New metabolic membrane discovered within cell organelle

December 29, 2020
Membrane-separated compartments are visible inside the peroxisomes of 4-day-old Arabidopsis thaliana plant cells in this image from a confocal microscope. (Zachary Wright, Rice University)

Membrane-separated compartments are visible inside the peroxisomes of 4-day-old Arabidopsis thaliana plant cells in this image from a confocal microscope. (Zachary Wright, Rice University)

A Rice University graduate student has identified a new subcompartment within peroxisomes, cellular organelles involved in metabolism, and suggested they may play important roles in managing fatty acids and offer a window into a range of disorders.

First observed in 1954, peroxisomes break down long-chain fatty acids and form compounds used elsewhere in the cell during metabolism. They affect cancer and aging as part of their work in the immune response and balancing levels of oxidation agents, which can damage cell structures at high concentrations.

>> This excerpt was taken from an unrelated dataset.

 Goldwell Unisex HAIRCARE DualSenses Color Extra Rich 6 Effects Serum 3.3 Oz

Years before his discovery was published in a paper in Nature Communications, Zachary Wright was investigating the formation of peroxisomes at Rice. He genetically modified a sample of peroxisomes to produce fluorescent proteins and was surprised to see that they contained numerous inner membranes, which were later dubbed intralumenal vesicles, or ILVs. In his images, ILVs lit up in a bright green, while the rest of the peroxisome were colored magenta.

Measuring in at roughly 1 micrometer or less wide, the peroxisomes were not known to have additional structures beyond its outer membrane — besides a temporary crystalline core that can form with a high concentration of some enzymes.

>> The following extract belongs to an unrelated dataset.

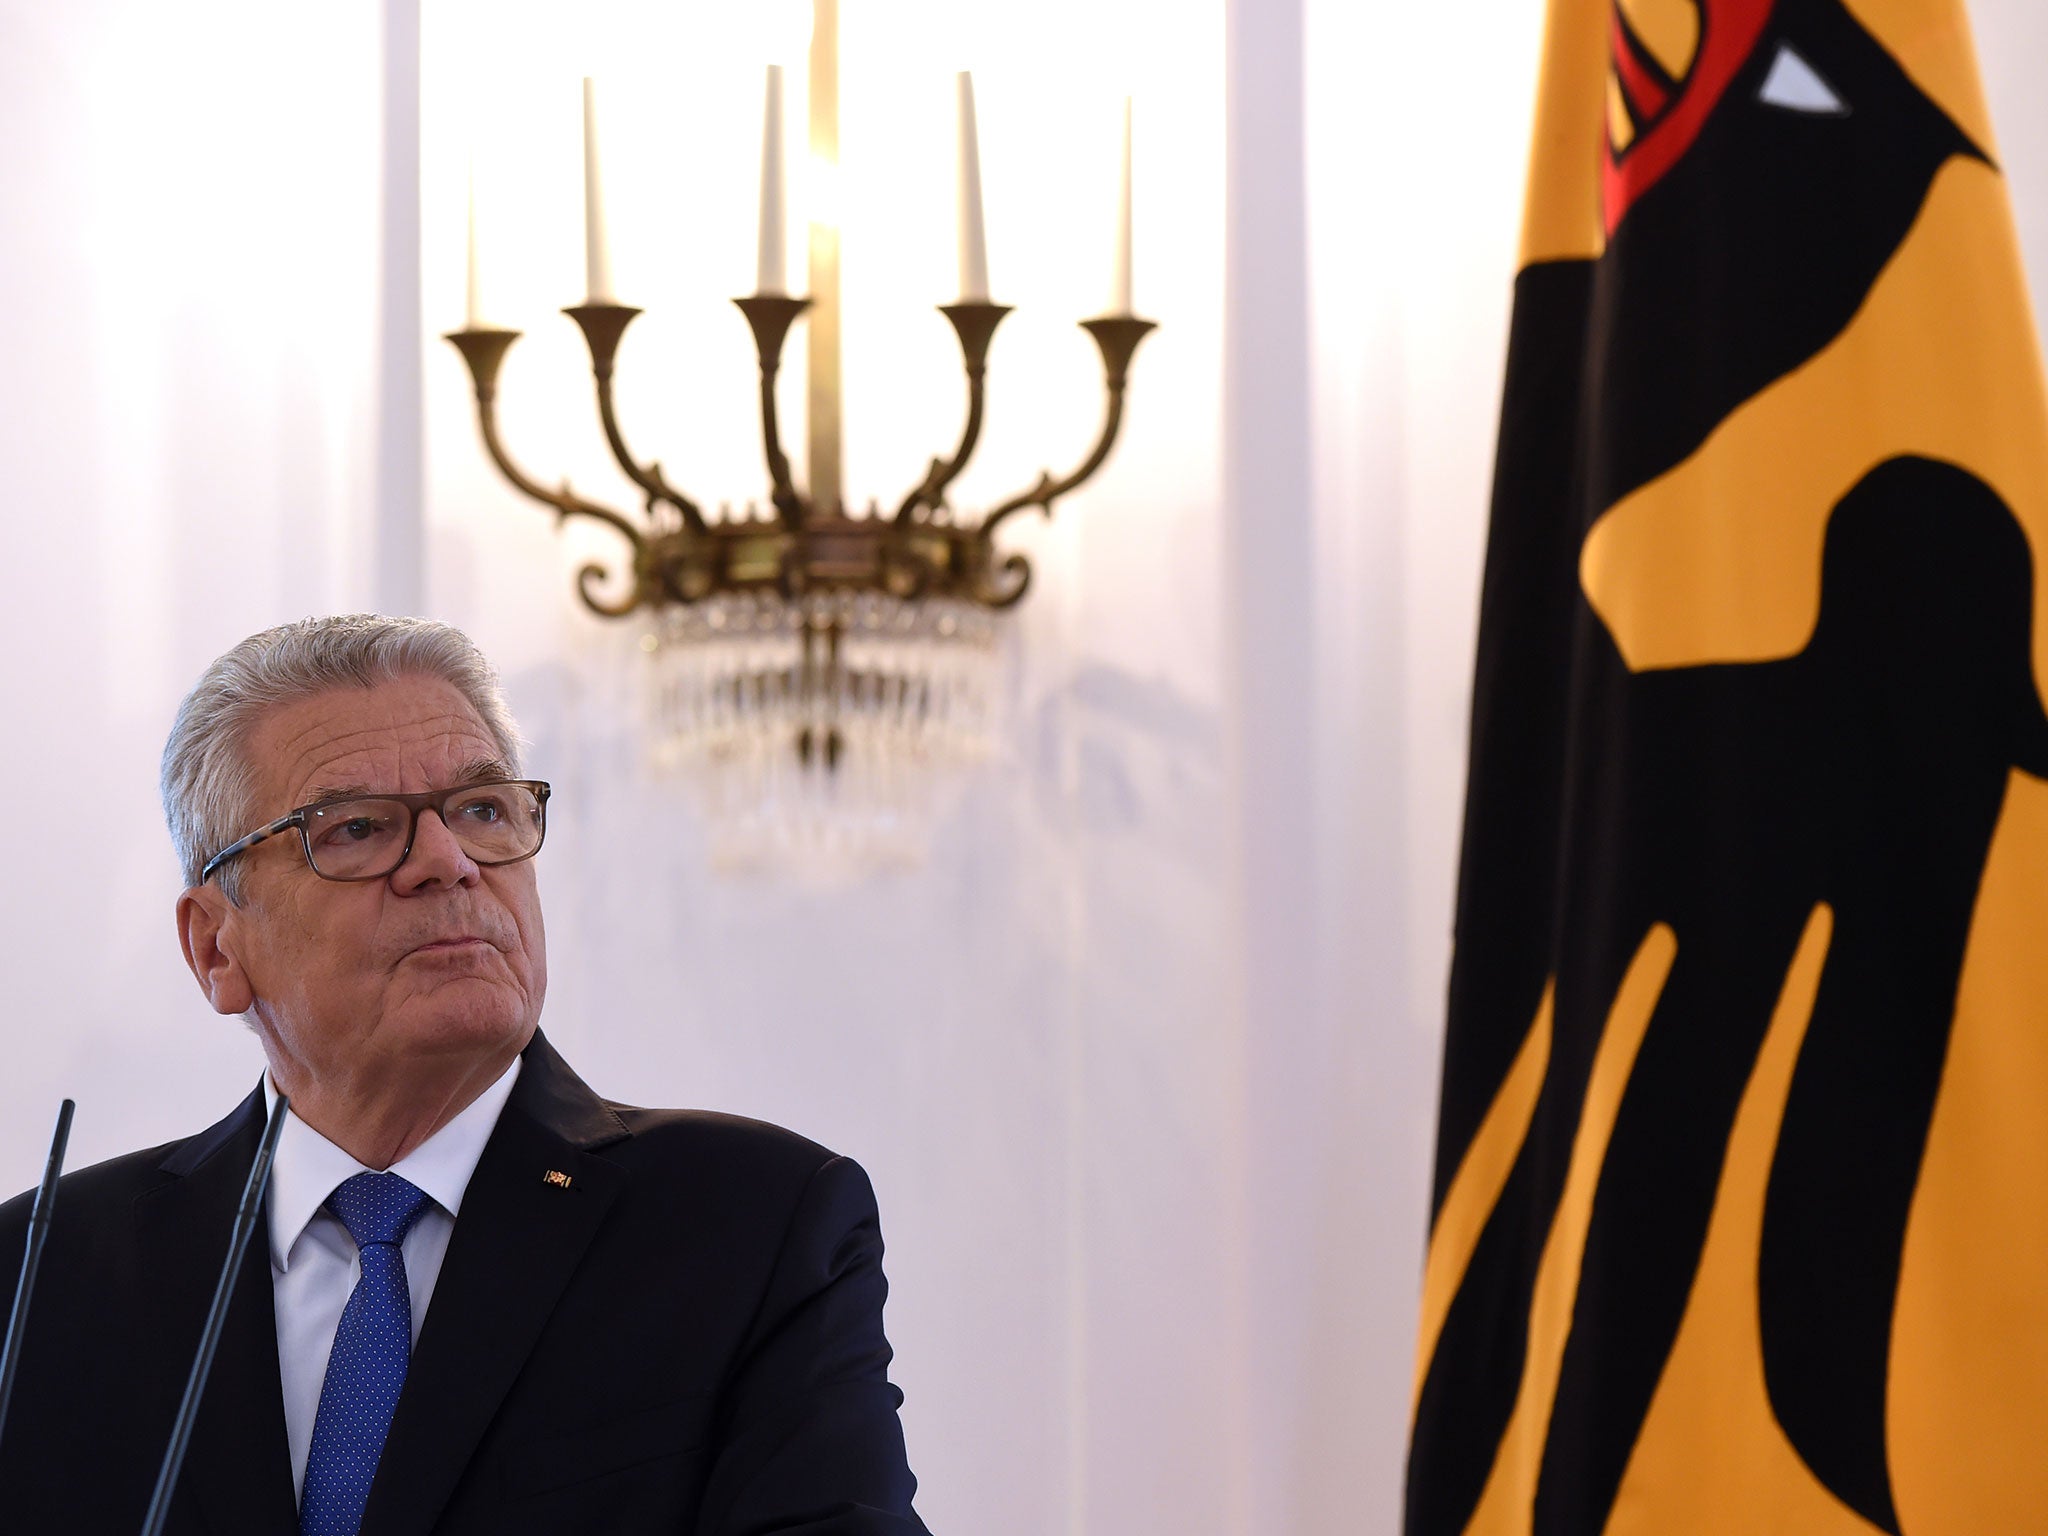 German Federal President Joachim Gauck during his statement at the Bellevue palace in Berlin

“(Peroxisomes) were supposed to just be a simple single-membrane sac, and instead I saw these membranes inside of them,” Wright said. “I remember I thought it was wrong, and I thought I was just looking at something else.”

After confirming that his observations weren't experimental artifacts and convincing his professor and coauthor, plant biologist Bonnie Bartel, Wright found that scientists noticed ILVs several times in the 1960s and 1970s. But at the time, researchers didn't look closely at them, because of preoccupation on other matters and limited microscope technology .

Wright benefited from studying cells of Arabidopsis thaliana, a flowering plant native to Europe, Asia and Africa with peroxisomes dozens of times larger than mammalian cells and easier-to-spot ILVs. The unusually large organelles are thought to handle the large amounts of fat that the plants’ seeds store until growth begins. (Widely used in plant biology and genetics, Arabidopsis thaliana was the first plant to have its genome mapped back in 2000.)

The ILVs appear to be constructed from the peroxisome’s outer membrane, according to Wright and Bartel. They took time-lapse photos of peroxisomes in a maturing seedling cell, and they observed peroxisomes shrink as they fill with more ILVs. Another test with fluorescent reporters showed only some ILVs glowing, leading the researchers to suggest that the membranes of subcompartments within a single peroxisome may contain different proteins.

As for the subcompartments’ functions, the researchers believe that they aid in metabolism by importing fatty acids into the peroxisome — and preventing the hydrophobic compounds from haphazardly bonding to cell membranes in a water environment. If accurate, this could explain why peroxisomes evolved to break down fats when mitochondria already could, they said: Mitochondria struggle to safely metabolize fatty acids with long chains, which are more hydrophobic than short ones, while the ILVs help peroxisomes process them more effectively.

The authors said that understanding the functions of ILVs, and how their functions get distorted by mutations, could shed light on cancers and peroxisomal disorders, a category of rare hereditary conditions stemming from defects in peroxisomes. These include X-linked adrenoleukodystrophy, which can degrade brain function and lead to death at a young age, and Zellweger spectrum disorders, which can create neurological issues, abnormal facial features and other organ defects.

Wright said he plans to continue his initial research pursuit into peroxisome formation but that his findings open up a lot of new questions about how the organelles work and the role that ILVs play.

“This is the kind of result that is going to open up a lot more avenues than our lab can pursue alone,” Wright said.

The article, “Peroxisomes form intralumenal vesicles with roles in fatty acid catabolism and protein compartmentalization in Arabidopsis,” was published Dec. 4 in Nature Communications. The authors of the study were Zachary Wright and Bonnie Bartel, Rice University. The lead author was Zachary Wright.